I was thinking about this after a discussion at work about large language models (LLMs) - the initial scrape of the internet before Chat GPT become publicly usable was probably the last truly high quality scrape of human-made content any model will get. The second Chat GPT went public, the data pool became tainted with people publishing information from it. Future language models will have increasingly large percentages of their data tainted by AI-generated content, skewing the results away from how humans actually write. To get actual human content, they may need to turn to transcriptions of audio recordings or phone calls for training, and even that wouldn’t be quite correct because people write differently than they speak.

I sort of wonder if eventually people will start being influenced in how they choose to write based on seeing this AI content. If teachers use AI-generated texts in school lessons, especially at lower levels, will that effect how kids end up writing and formatting their work? It’s weird to think about the wider implications of how this AI stuff will ultimately impact society.

What’s your predictions? Is there a future where AI can get a clean, human-made scrape? Are we doomed to start writing like AIs?

  • You are right in assuming there will be a symbyosis between AI generated text and human generated text, but jumping from there to assume that we will be using solely AI generated text is wrong, in my opinion.

    AI generated content is not good enough on its own, despite what OpenAI marketing team wants you to think. No quality content is made by simply prompting chatGPT. Not just in writing, but in any field of knowledge, actually. Using chatGPT without some level of domain and fact checking on the subject you are prompting is a sure way to get screwed, as some lawyer in the USA will tell you.

    But going back to writing specifically, what we will see at first is actually an improvement on the overall quality of human generated writing, with AI offering a solution to the mechanical and usually boring side of writing good content, such as eloquence, syntax, clarity, etc.

    Then, what we will also begin to notice is the more frequent use of what I like to call shitstorming.

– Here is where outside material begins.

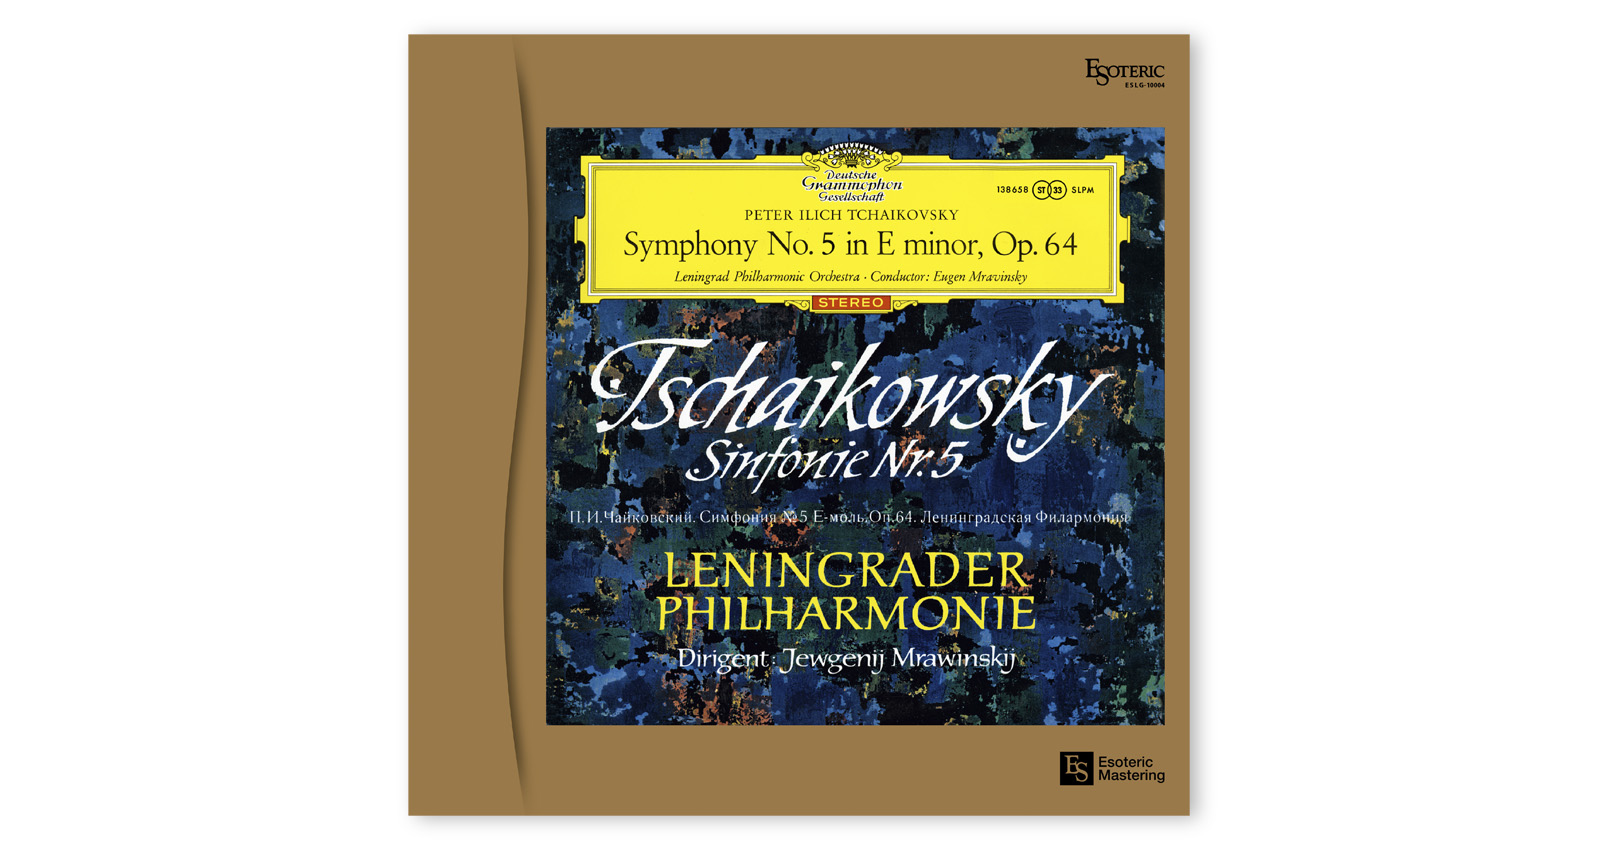 Pyotr Ilyich Tchaikovsky: Symphony No.5, Yevgeny Mravinsky/Leningrad Philharmonie - LP 180g Vinyl, Limited, Remastered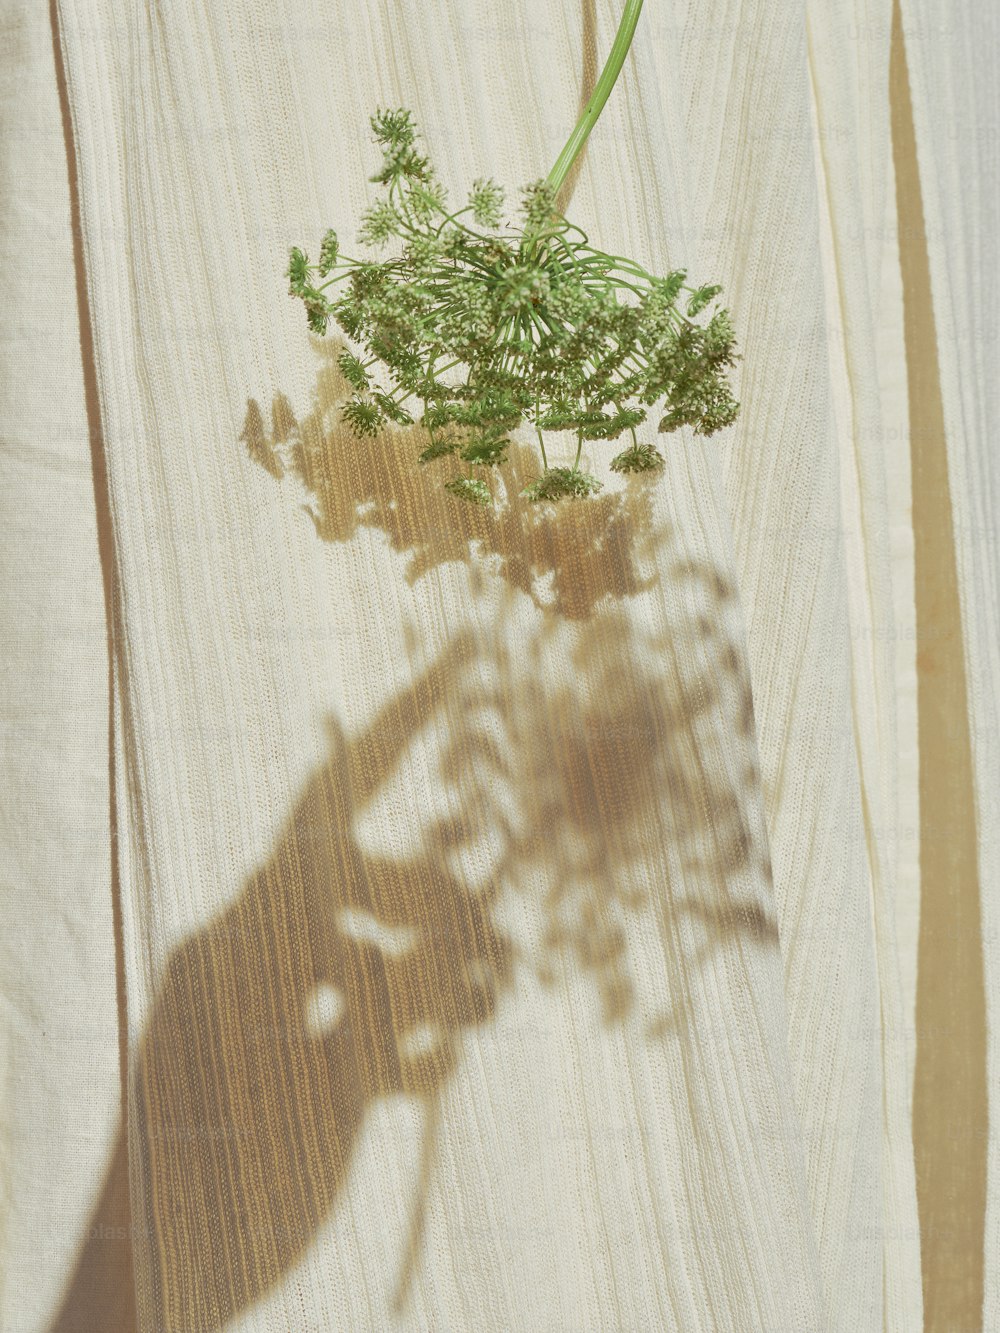 l’ombre d’une plante sur une surface en bois

    Shitstorming consisting in prompting a LLM model to bring up ideas, drafts and opinions on subjects you want to write about, and have some understanding on. What you will receive in response will be a biased, somewhat lacking content, which will either inspire you to modify and refactor in a way that it makes sense, or make you so angry that you will have to write something better in response to it. Writer’s block will become a thing of the past.

    There are others aspects and nuances to this symbiosis, but to avoid going longer on an already long post, I would conclude by saying that this evolution will be a loop that will keep improving LLMs, while also improving human writing simply because we will continuously look for ways to make the content better, and more original.

    The bad side is that, for those that don’t know how to use the tool, the amount of lacking content and standardized communication will indeed flood the internet, but this will only serve to contrast original content to the point where we will immediatly recognize the two apart, much like we do with advertising nowdays.